No Name

Wilkie Collins


No Name Page 61

They only grew the louder and the angrier for what she said. The youngest -- a girl of eight or nine years old -- flew into a child's vehement passion, cried, screamed, and even kicked at the governess. The people in the street stopped and laughed; some of them jestingly advised a little wholesome correction; one woman asked Norah if she was the child's mother; another pitied her audibly for being the child's governess. Before Magdalen could push her way through the crowd -- before her all-mastering anxiety to help her sister had blinded her to every other consideration, and had brought her, self-betrayed, to Norah's side -- an open carriage passed the pavement slowly, hindered in its progress by the press of vehicles before it. An old lady seated inside heard the child's cries, recognized Norah, and called to her immediately. The footman parted the crowd, and the children were put into the carriage. "It's lucky I happened to pass this way," said the old lady, beckoning contemptuously to Norah to take her place on the front seat; "you never could manage my daughter's children, and you never will." The footman put up the steps, the carriage drove on with the children and the governess, the crowd dispersed, and Magdalen was alone again.

"So be it!" she thought, bitterly. "I should only have distressed her. We should only have had the misery of parting to suffer again."
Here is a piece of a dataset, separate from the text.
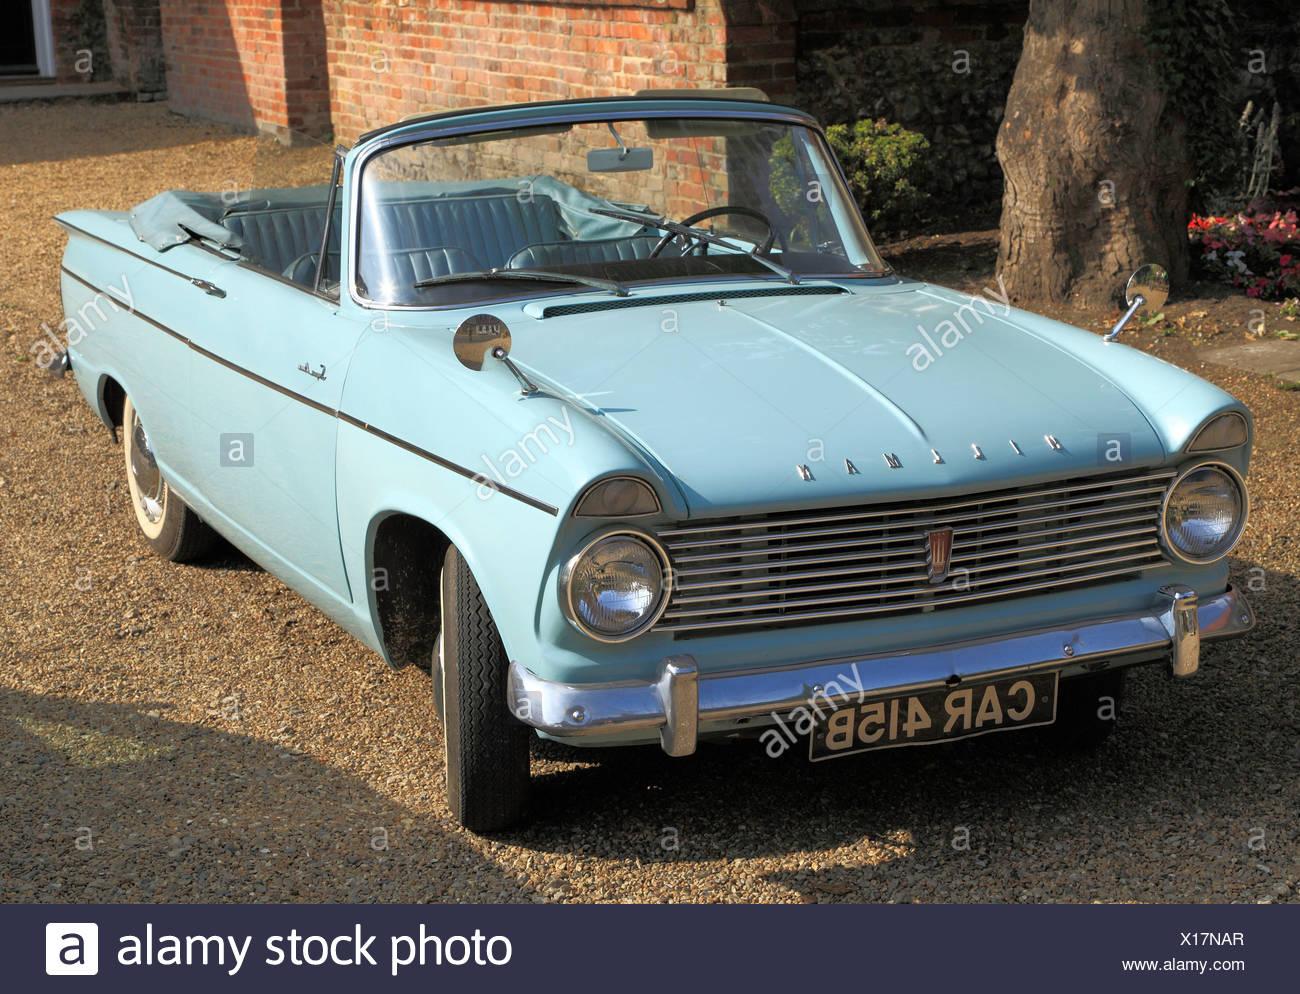 Hillman Super Minx, 1960er Jahre motor Oldtimer, britische Oldtimer Fahrzeuge Hillmans, Cabrio Cabrios, England UK Stockbild

She mechanically retraced her steps; she returned, as in a dream, to the open space of the Park. Arming itself treacherously with the strength of her love for her sister, with the vehemence of the indignation that she felt for her sister's sake, the terrible temptation of her life fastened its hold on her more firmly than ever. Through all the paint and disfigurement of the disguise, the fierce despair of that strong and passionate nature lowered, haggard and horrible. Norah made an object of public curiosity and amusement; Norah reprimanded in the open street; Norah, the hired victim of an old woman's insolence and a child's ill-temper, and the same man to thank for it who had sent Frank to China! -- and that man's son to thank after him! The thought of her sister, which had turned her from the scene of her meditated deception, which had made the consciousness of her own disguise hateful to her, was now the thought which sanctioned that means, or any means, to compass her end; the thought which set wings to her feet, and hurried her back nearer and nearer to the fatal house.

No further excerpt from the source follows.